What is Google Santa?

What is Google Santa?

Google Santa is an open-source project from Google's Macintosh Operations Team. It is a binary whitelisting / blacklisting system for macOS and can be used to analyze what applications run across your fleet and control them by blocking their use entirely.

Santa can be configured to prevent users from using malicious, high risk, or prohibited applications.

What are some Google Santa options in Fleetsmith?

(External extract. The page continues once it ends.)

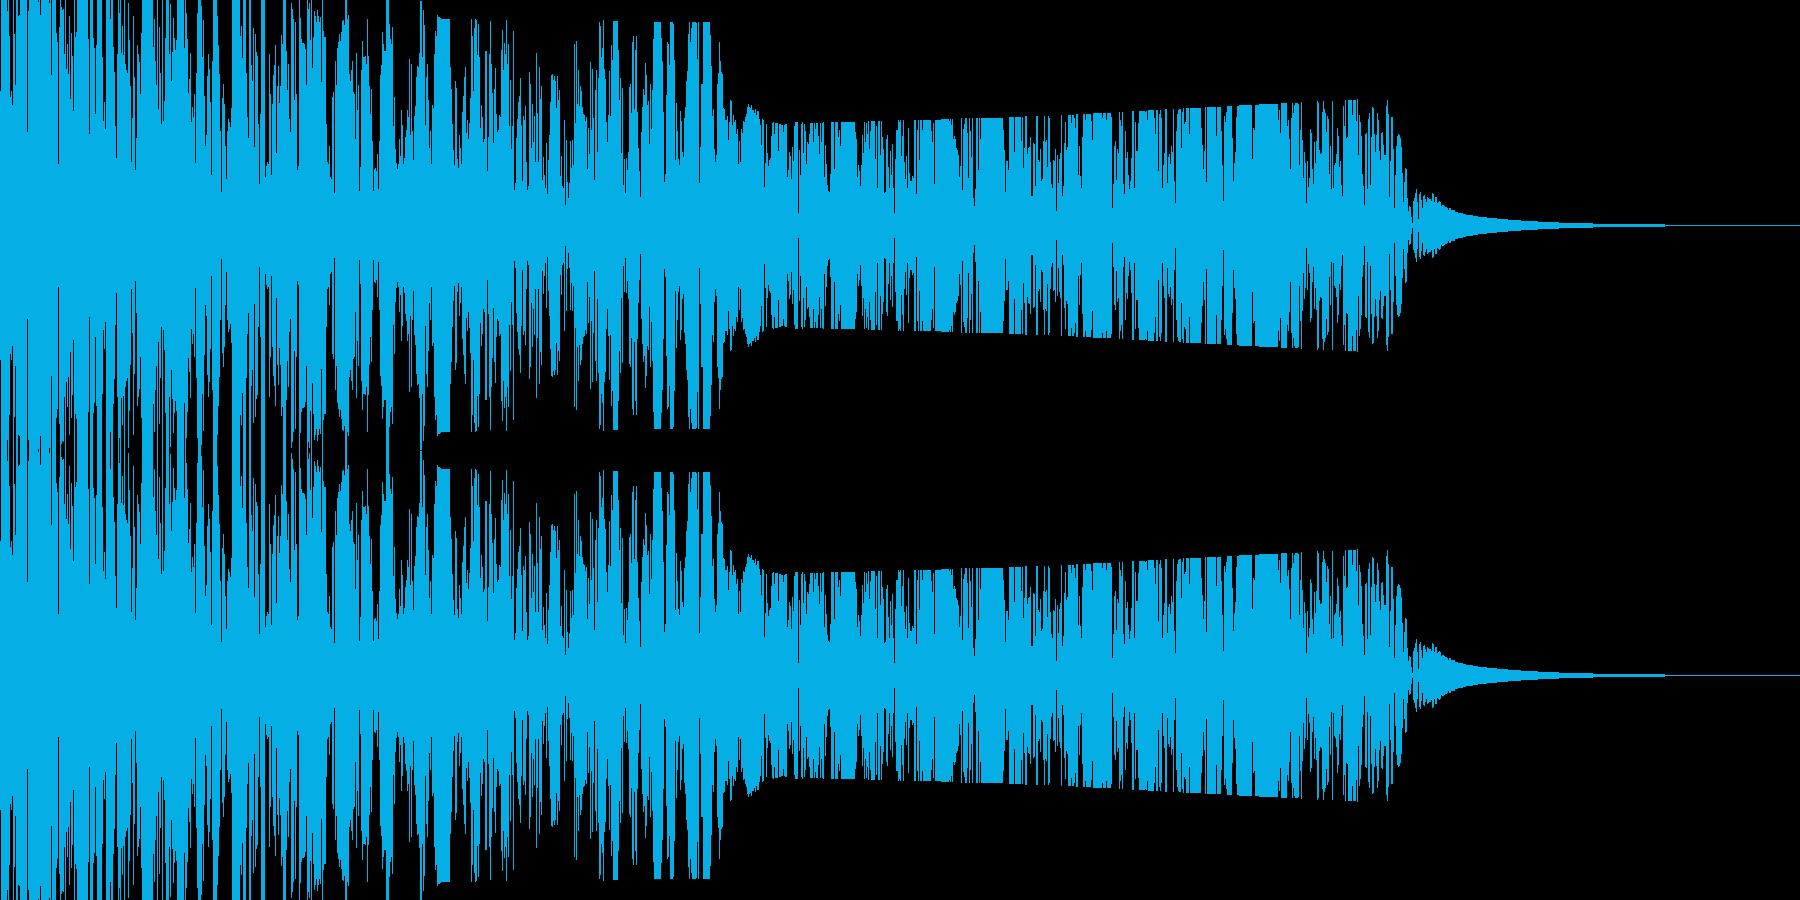 ズバッと斬る_01(刀・刺す・斬撃系)の再生済みの波形

Some available Google Santa options are:

• Blacklist binary file hashes
• Blacklist certificate hashes
• Blacklist file paths
• Blacklist file path regex
• File changes regex
• Page Zero protection

Blacklisted binary file hashes
Enter a CSV list containing SHA256 binary hashes. This is the most granular rule and will blacklist individual binaries. Note that even a small change in a binary will alter the SHA256 hash, invalidating the rule. 

Blacklisted certificate hashes
Enter a CSV list containing SHA256 binary hashes of leaf (signing) certificates. This is a powerful rule type that has a much broader reach than an individual binary rule, allowing you to blacklist all apps signed by a particular code signing certificate.

Blacklisted file paths
Enter a CSV list containing binary or app bundle file paths. This will blacklist the SHA256 hash of a binary or app bundle currently located at each path. 

Blacklisted file path regex
Enter an ICU format regular expression (regex) to create a blacklist scope, blocking all binaries located within a matching file system path or subdirectory.

File changes regex
Enter an ICU format regular expression (regex) to include logs of file changes at matching file system paths. By default, all executions and disk mounts are automatically logged in Santa. Use this regex to also include the file operations of specific paths.

Page Zero protection
Choose whether or not 32-bit binaries without a _PAGEZERO segment are blocked, preventing the execution of binaries which are highly vulnerable to code injection.